What 'Work-From-Home' Really Means For Women: Negotiating Fairness In A Post-Covid World
Written in conjunction with Akytech, an official TFW partner.
As we enter the post-pandemic world and all the changes which have followed our year in isolation, more and more people have been discussing the possibility of embracing new, less formalized ways of working and achieving organizational goals.
One of the ways this could happen is through widespread work-from-home policies and allowances. Many leaders and professionals view working from home as preferable for a number of personal and economic reasons - but what’s missing from the conversation is a nuanced discussion of how permanent work-from-home norms would look for women as opposed to men in our still-gendered world.
We have made great strides toward sexual and gender equality as a society in recent decades, but the reality is that many divisions and challenges still remain.
When we talk about working from home and how that might benefit or harm professionals, we have to keep in mind the lived experiences of the individuals who will inhabit that changed professional landscape - especially the experiences of women, who have traditionally been viewed as synonymous with the very concept of “home” and what it means to exist almost exclusively in that private space.
Women Are Weary: The Lasting Impact Of ‘Homemaker’ Expectations On Today’s Female Professionals
For much of human history, it was taken for granted that women lived most of their lives in the realm of the home. Early feminists viewed this as the “private” end of the social spectrum, as opposed to the “public” end, which was ruled over by men.
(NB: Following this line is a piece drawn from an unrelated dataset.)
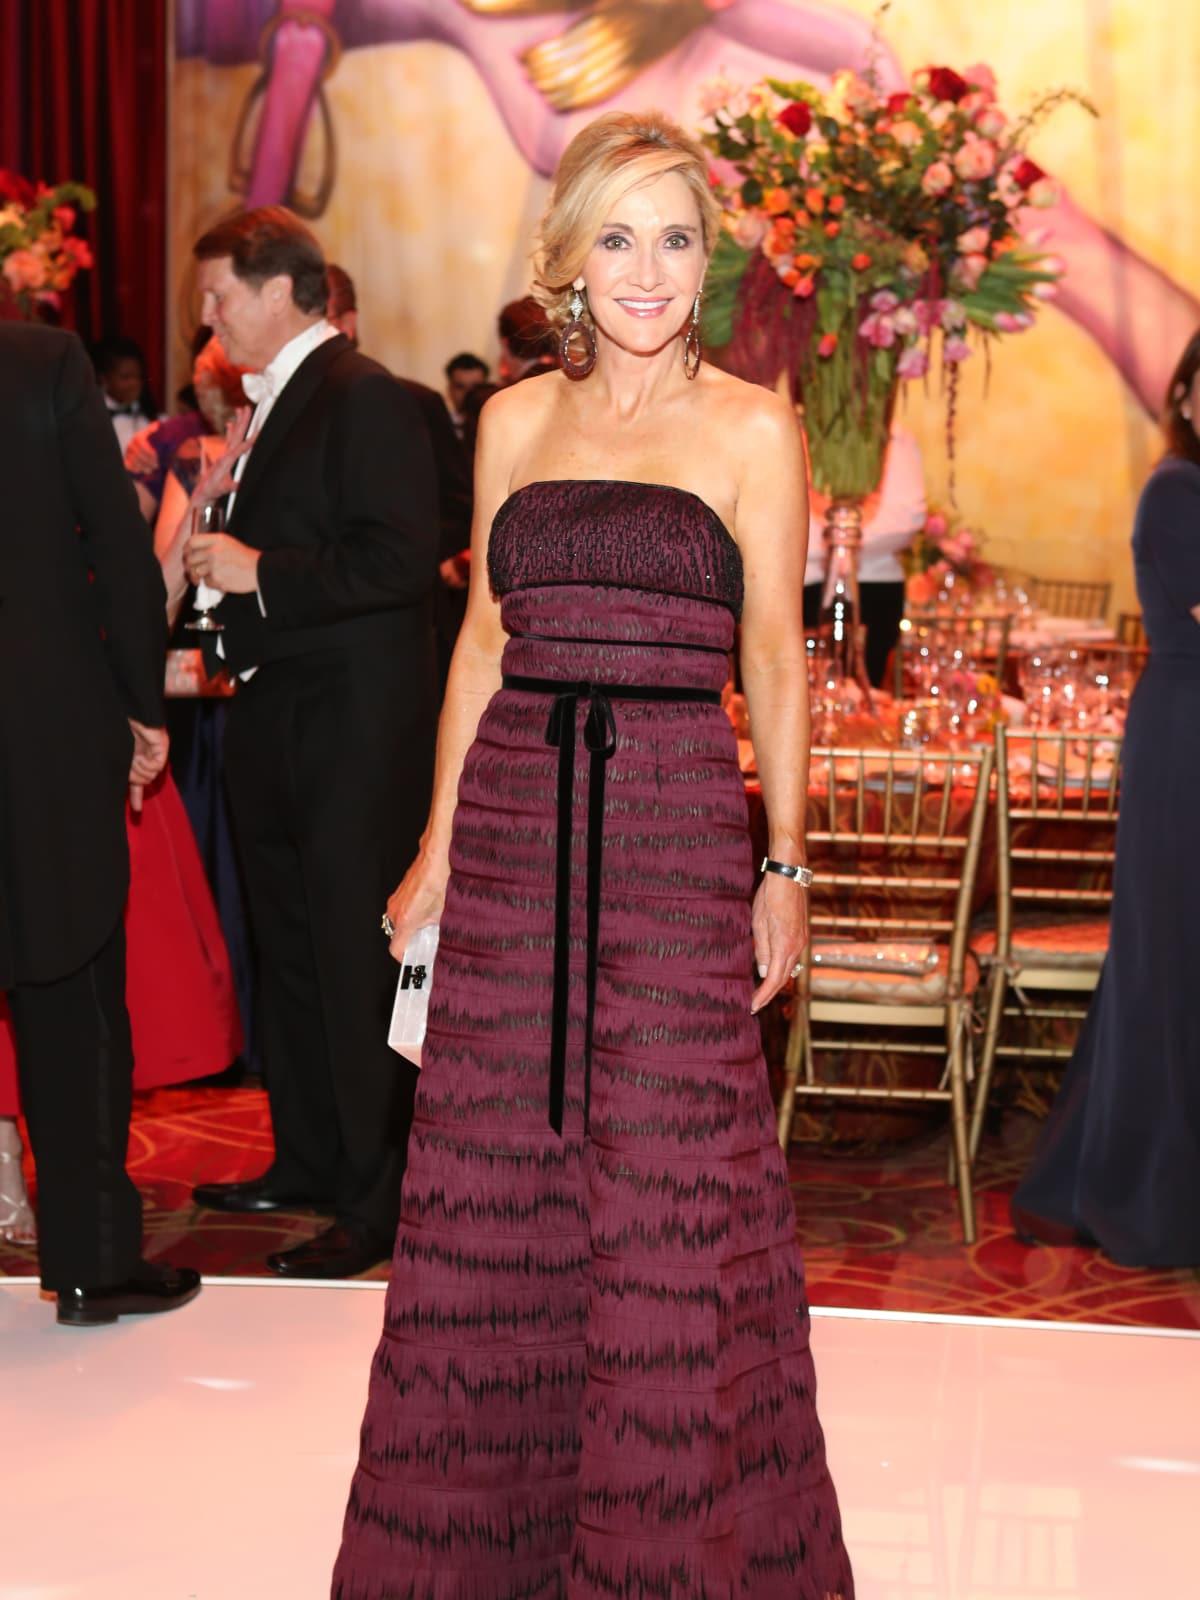 Houston, Opera Ball Gowns, April 2016, Jana Arnoldy in Oscar De La Renta.

Housework, childcare, food preparation, home management, and many other tasks were dumped in the laps of women and largely ignored by their male counterparts. And even when equality became a major goal for most of our societies, the advances women made did not always translate into matching reductions in the work they performed within the “private” sphere.
In short, women were now expected to manage all the same things they had before, but now with the addition of a career outside of it.
This is by and large the experience most women have today.
Studies show that working women - those who hold full or part time jobs equivalent to what their male partners do - still take on 51-58% of household work in their families. They are still doing the laundry, cleaning the house, planning the menus, cooking the food, driving the kids to school and extracurricular activities, and purchasing household goods for their homes...on top of their paid work and career obligations.
In addition to this labor, women also take on more of the social labor that holds communities and extended families together.
This work, often called ‘emotional labor’ in popular dialogue, is comprised of things like remembering birthdays, calling up sick or grieving friends, planning family or other events, organizing holidays, comforting upset children, placing important dates on calendars, buying presents, and generally forging and enhancing the social bonds that define community life for their families.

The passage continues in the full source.